Figure 2 The result viewer. The result viewer of the graphical user interface showing the heatmap of the rearranged similarity matrix based on the calculated clustering. The individual clusters and other quality measures can be displayed by clicking on the appropriate (more ...)
Visualisation of a cluster calculated by SCPS. Visualisation of a cluster as calculated and exported by SCPS.
Finally, SCPS includes a command line interface which runs the clustering without user intervention and writes the results to the standard output or to a specific output file. This enables the integration of SCPS in batch processing pipelines.
SCPS uses the ARPACK library [19
] for eigenvector calculations. The ARPACK library implements the implicitly restarted Arnoldi method for eigenvector calculations, which is an iterative process that is able to calculate all the eigenvectors and eigenvalues or only the top K
ones. When one can provide a reasonable upper estimate on the number of clusters, the Arnoldi method is much more efficient than standard methods that solve the eigenvector equation directly. On the other hand, the convergence of iterative methods is affected negatively in the presence of eigenvalues with multiplicity greater than one. The multiplicity of the top eigenvalue of the affinity matrix S
is equal to the number of connected components in the input graph. Therefore, we first eliminate small connected components of size less than five sequences from the original graph (they will not be subdivided further) and then connect the remaining components by a small amount of random edges with weight less than 0.01. This decreases the multiplicity of the top eigenvalue to one and thus improve the stability of the eigenvector calculation process without affecting the final result.

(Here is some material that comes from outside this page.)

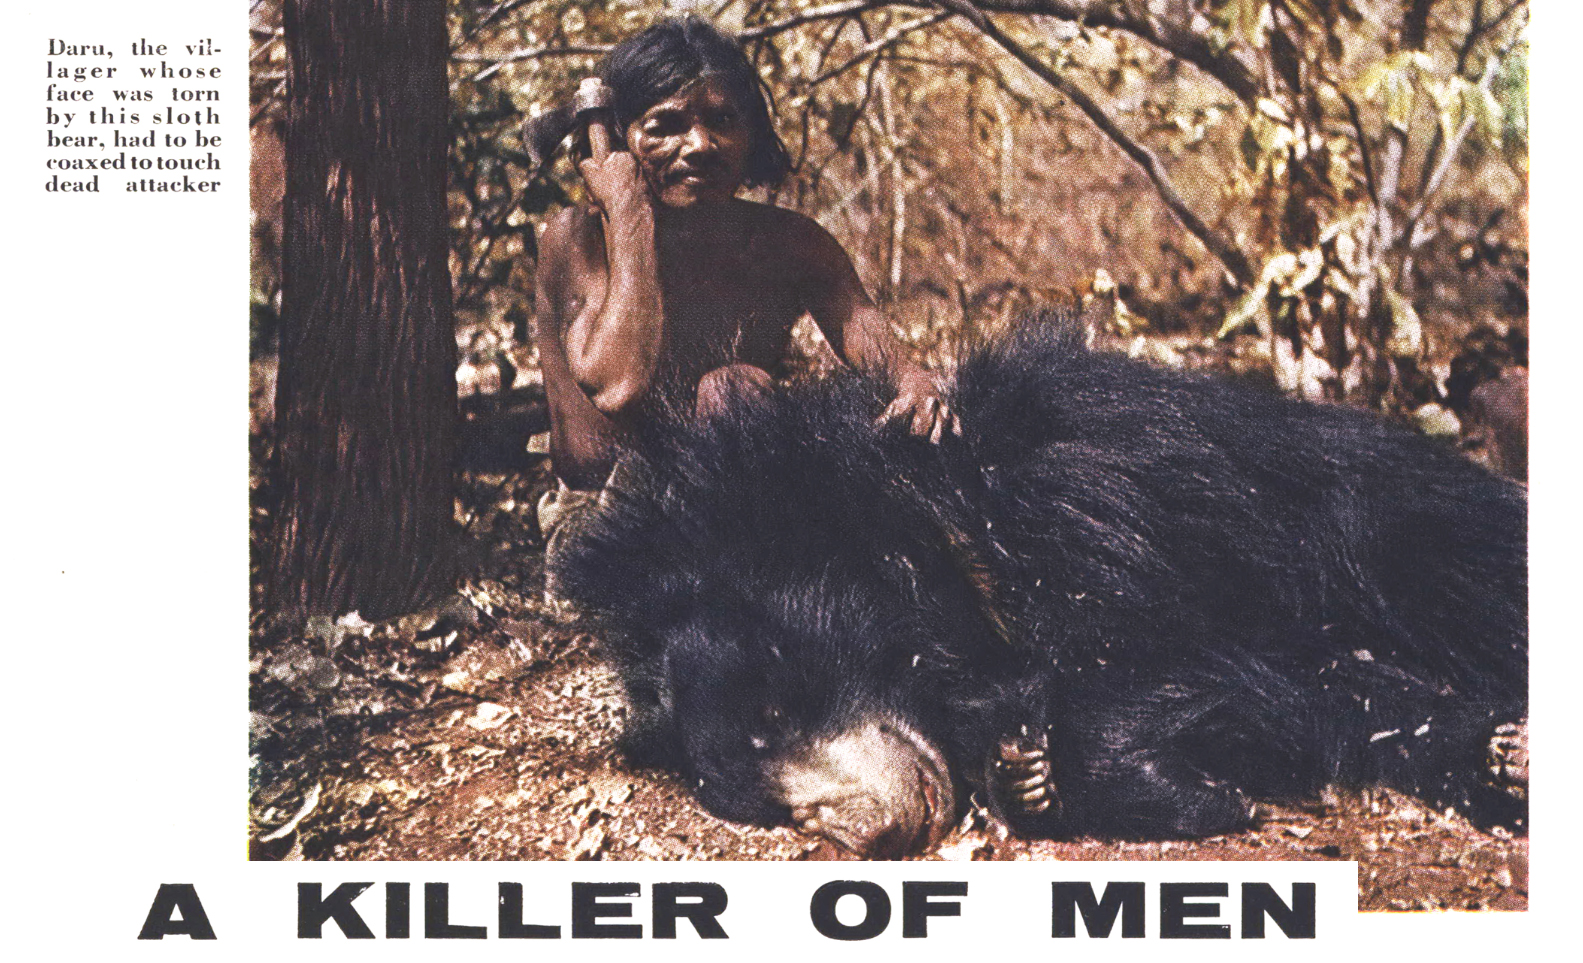 A Killer of Men: The Story of a Killer Sloth Bear, from the Archives

The number of clusters can be selected using one of the following methods in our implementation:
• Automatic. This method uses the eigengaps to select the appropriate number of clusters. K is set to the smallest integer k such that λk/λk+1 > ε. ε is adjustable and it is chosen to be 1.02 by default.
• Bounded from above. This method is similar to the automatic selection, but it considers at most a given number of clusters. It takes advantage of the fact that the complete eigenspectrum is not needed in this case when using the spectral clustering, saving time and resources during the computation. If the maximum number of clusters is Kmax, SCPS will compute only the top Kmax eigenvalues and the corresponding eigenvectors.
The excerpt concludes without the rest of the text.